Recorded data
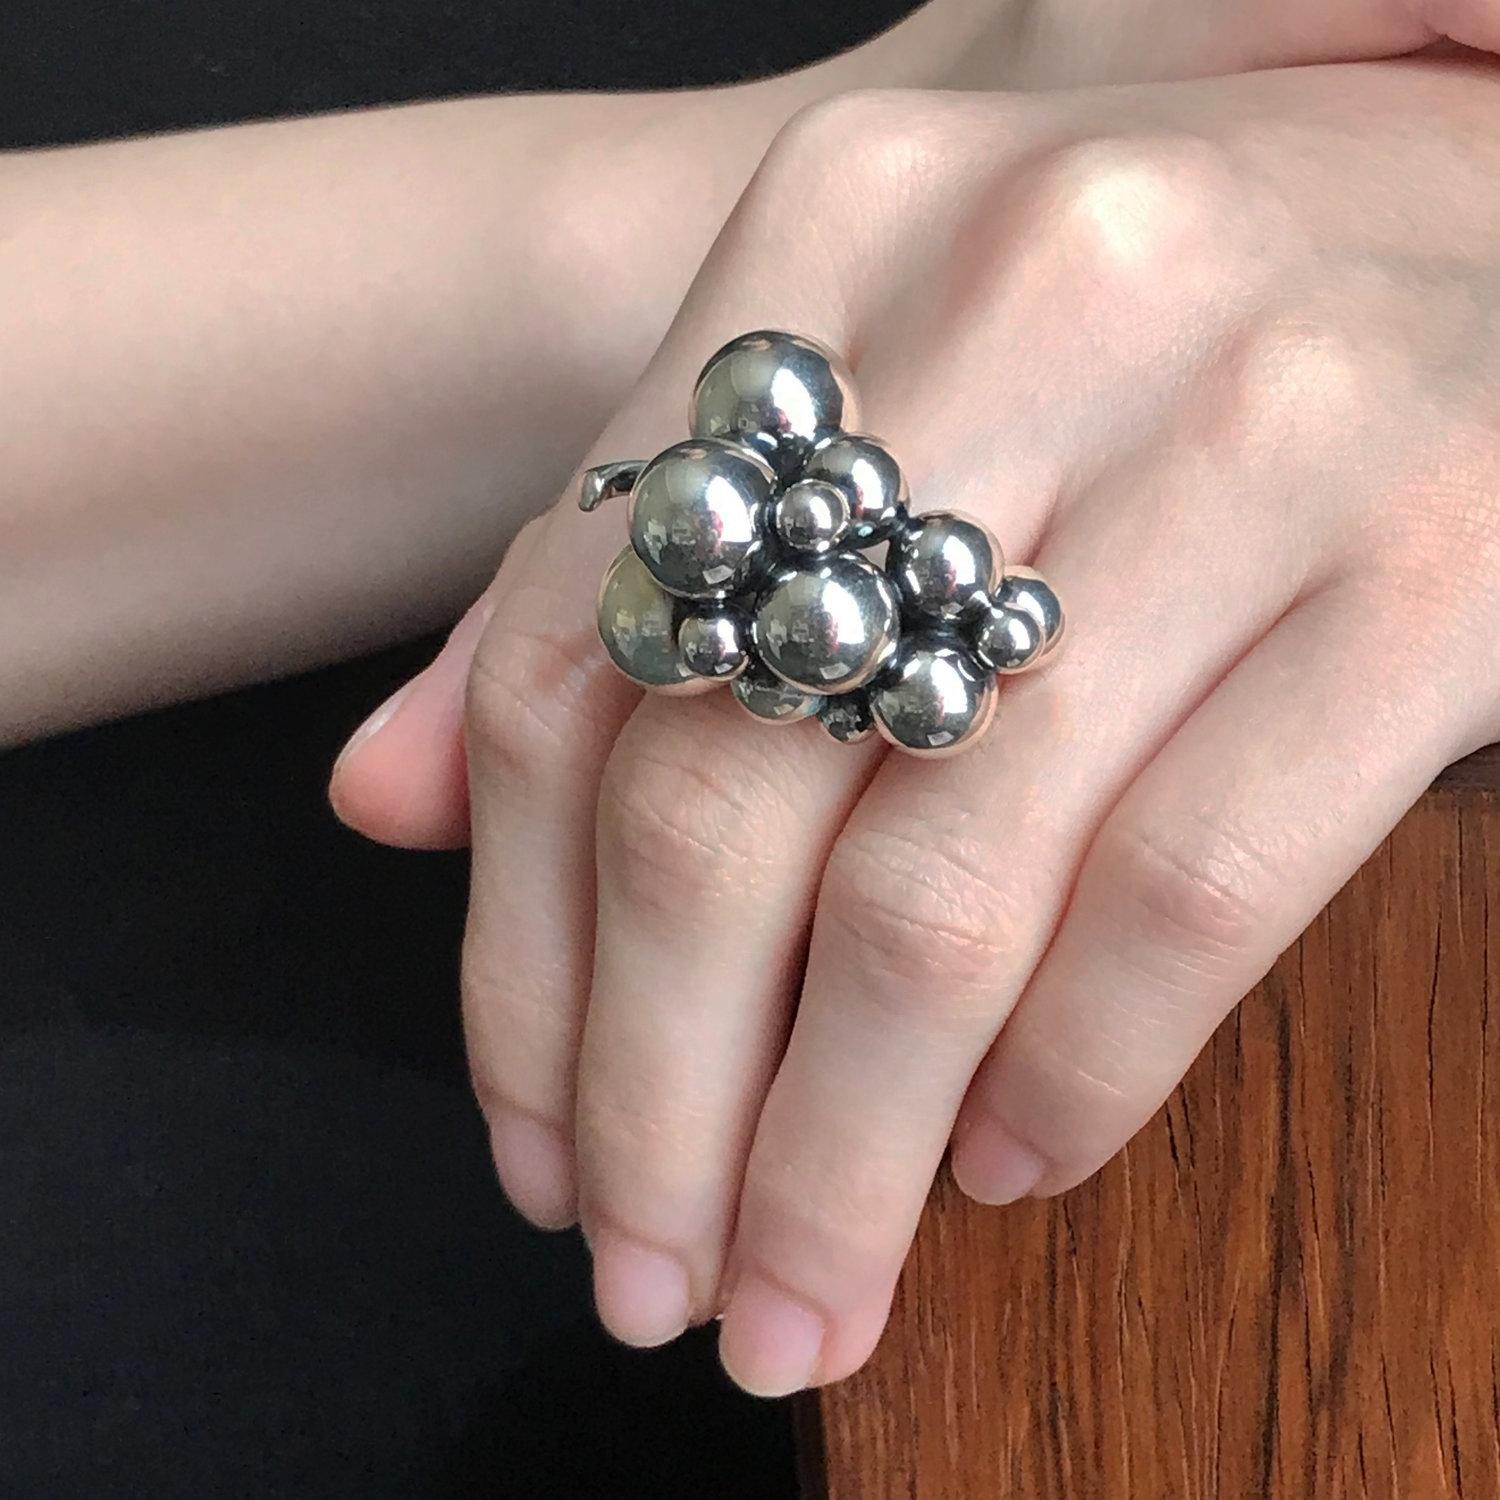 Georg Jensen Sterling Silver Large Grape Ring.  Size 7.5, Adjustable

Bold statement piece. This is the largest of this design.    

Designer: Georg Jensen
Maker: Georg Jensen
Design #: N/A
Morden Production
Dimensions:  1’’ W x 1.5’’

WHAT TO PRODUCE - Print exactly the lines from the one with "Maker: Georg Jensen" through the end of the data, inclusive.

ANSWER TO THIS TASK -
Maker: Georg Jensen
Design #: N/A
Morden Production
Dimensions:  1’’ W x 1.5’’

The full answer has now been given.